We can describe the Caesar cipher as y = x + 3 (mod 26). Here x is the index or place number of the original (plaintext) letter, y is the new (ciphertext) letter’s index, and “mod” refers to the modulo operator. Modulo gives the remainder after dividing one number by another, in this case the remainder after dividing by 26. In other words, the expression x + 3 (mod 26) says to take a number x, add 3 to it, divide it by 26, and take the remainder. The (mod 26) is what creates the alphabet wraparound rule.

Let’s try enciphering a short message, “PAX,” using the equation above. First, we need to replace the letter symbols with their corresponding number place in the alphabet. Since P is the 16th letter of the alphabet, it becomes a 15. Remember we are starting from 0, so A is 0. X becomes 23. Now we need to shift each letter.

15 + 3 = 18, and 18 ÷ 26 has a remainder of 18.

0 + 3 = 3, and 3 ÷ 26 has a remainder of 3.

23 + 3 = 26, and 26 ÷ 26 has a remainder of 0.

Finally, we translate back into letters. Letter number 18 is S, 3 is D, and 0 is A. Our ciphertext is “SDA.”

The existence of this equation which defines the Caesar cipher raises the question, what other equations could we use? Since that’s a very broad question, let’s arbitrarily narrow our focus to the familiar and interesting case of polynomial equations. Recall that a polynomial (in one variable) is an expression of the form

a_mx^m + a_m_-1x^m^-1 + … + a₂x² + a₁x + a₀

For example, 3x⁴ – 2x² + 1 is a polynomial.

Now, we want to consider what criteria make a polynomial appropriate for a cipher. For one, it must provide an unambiguous rule for finding each replacement letter (the ciphertext).

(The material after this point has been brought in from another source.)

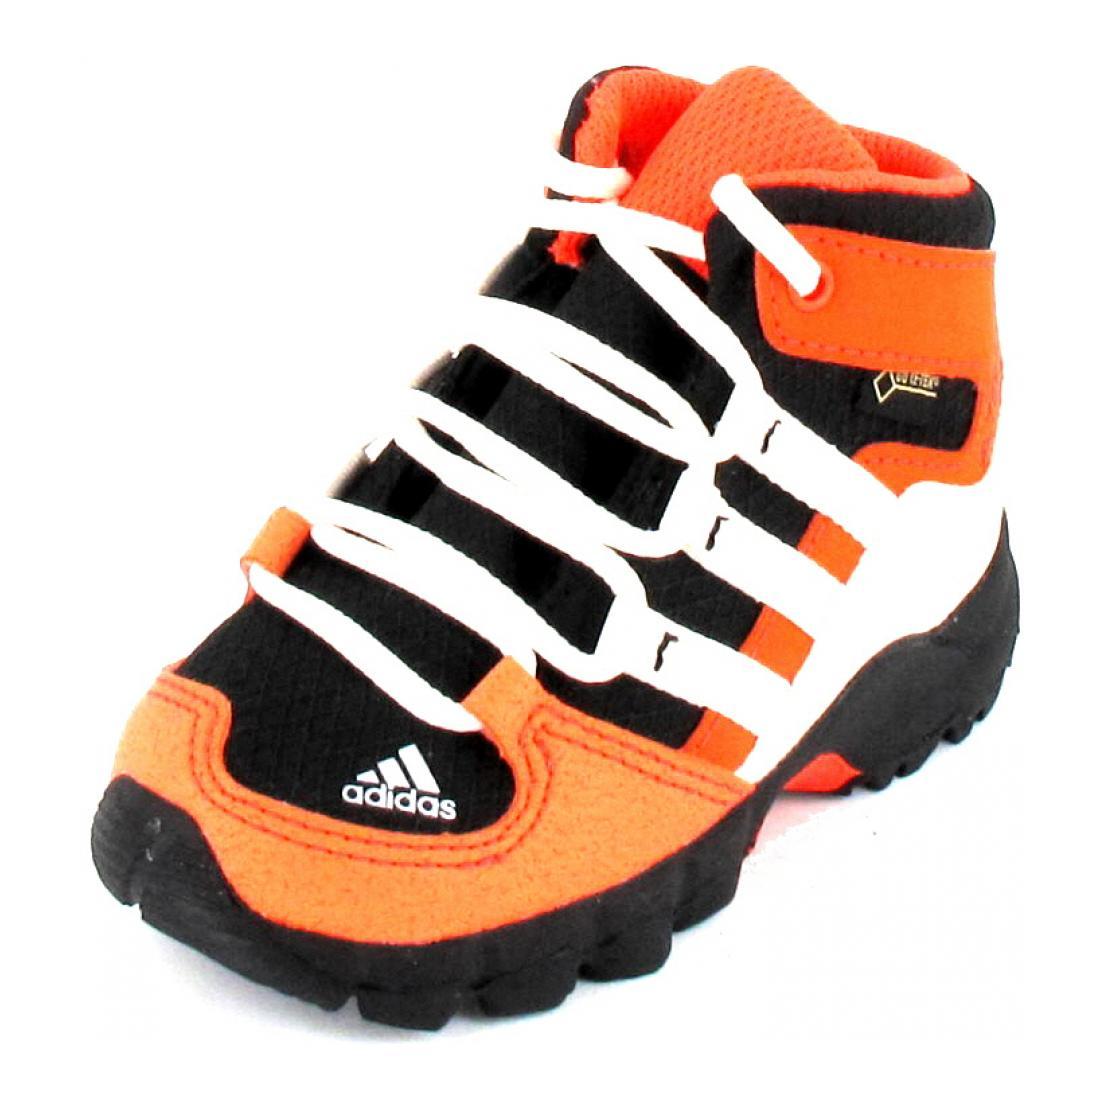 adidas Outdoor Stiefel TERREX MIF GTX I

Second, the rule for creating the ciphertext must be reversible so that the message can be deciphered. As it turns out, all polynomials meet the first criterion, so only the second one is interesting.

Let’s observe a non-example: the polynomial x² (mod 26). We can try enciphering the message “XD.” X is number 23 and D is number 3.

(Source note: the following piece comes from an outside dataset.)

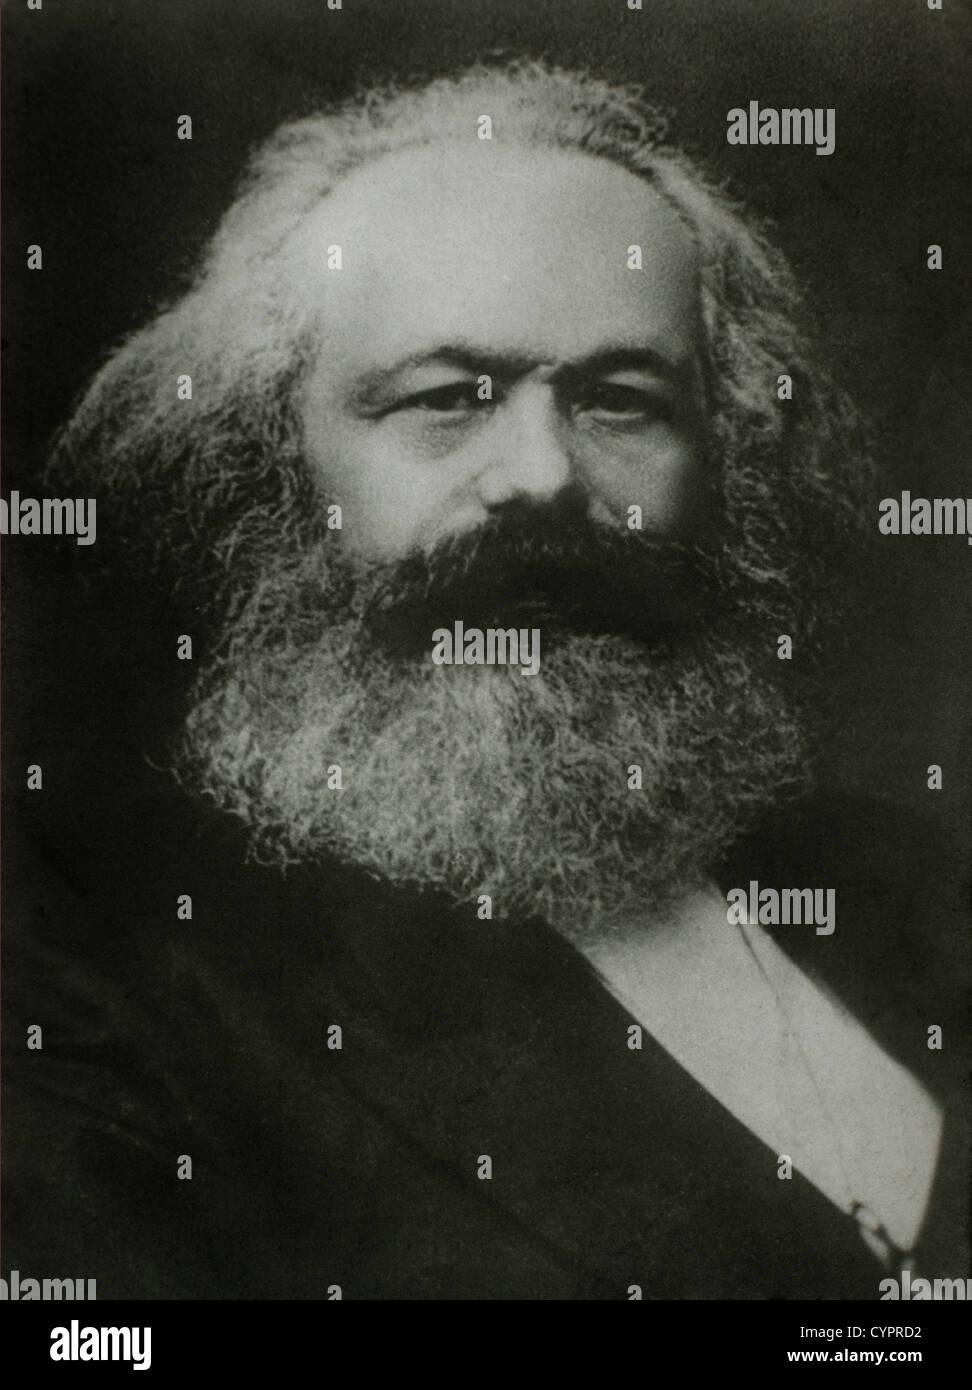 Karl Marx (1818-1883), German Philosopher,1875, Portrait - Stock Image

23² = 529, and 529 ÷ 26 has a remainder of 9.

3² = 9, and 9 ÷ 26 has a remainder of 9.

Letter number 9 is J, so our ciphertext is “JJ.” Consider what happens when someone tries to decipher this message: naturally, the thing to try would be square root.

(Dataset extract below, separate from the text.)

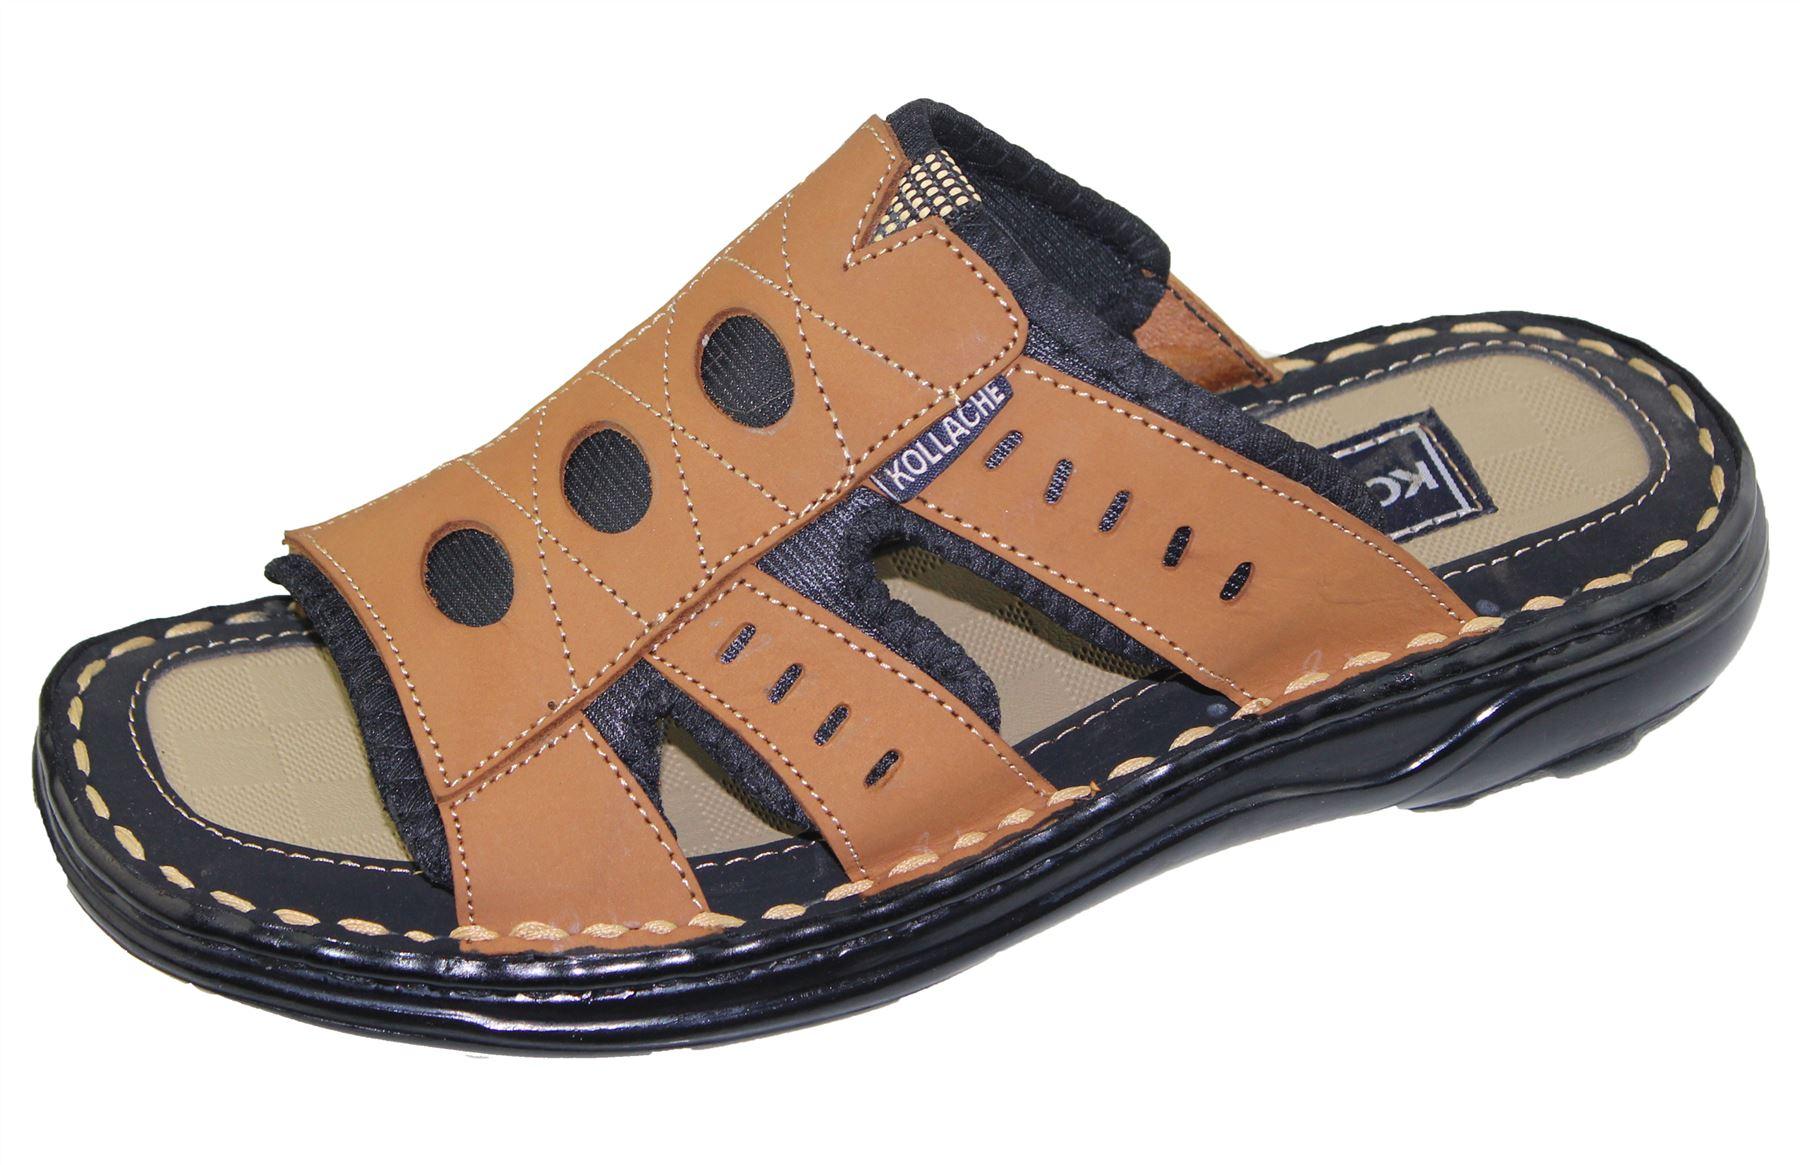 Mens-Slipper-Sandal-Sports-Beach-Buckle-Walking-Fashion-Summer-Casual-Shoes-Size miniatura 34

√9 = 3, and 3 ÷ 26 has a remainder of 3.

The deciphered message would be “DD,” which is not correct. We might call this a collision, in that the letters X and D collided by both being sent to the letter J. What we’re looking for, then, is polynomials that do not cause letter collisions.

One slightly complicating factor is that for any such polynomial, there are infinitely many other polynomials that create the same cipher. In other words, different polynomials can produce the exact same ciphertext for a message. This is a consequence of our wraparound rule (the modulo business). However, we can mostly avoid this by picking a canonical representative from each class of polynomials like this. We will use the unique polynomial having lowest degree, fewest terms, and smallest coefficients. For a very simple example:

The following polynomials are equivalent (mod 26): 2x, 2x+26, 28x, 28x+26, etc. The reader is invited to prove that these are equivalent as an exercise. The unique “smallest” polynomial among this equivalence class of polynomials is 2x. For a more difficult challenge, try proving that the “smallest” polynomial is always unique.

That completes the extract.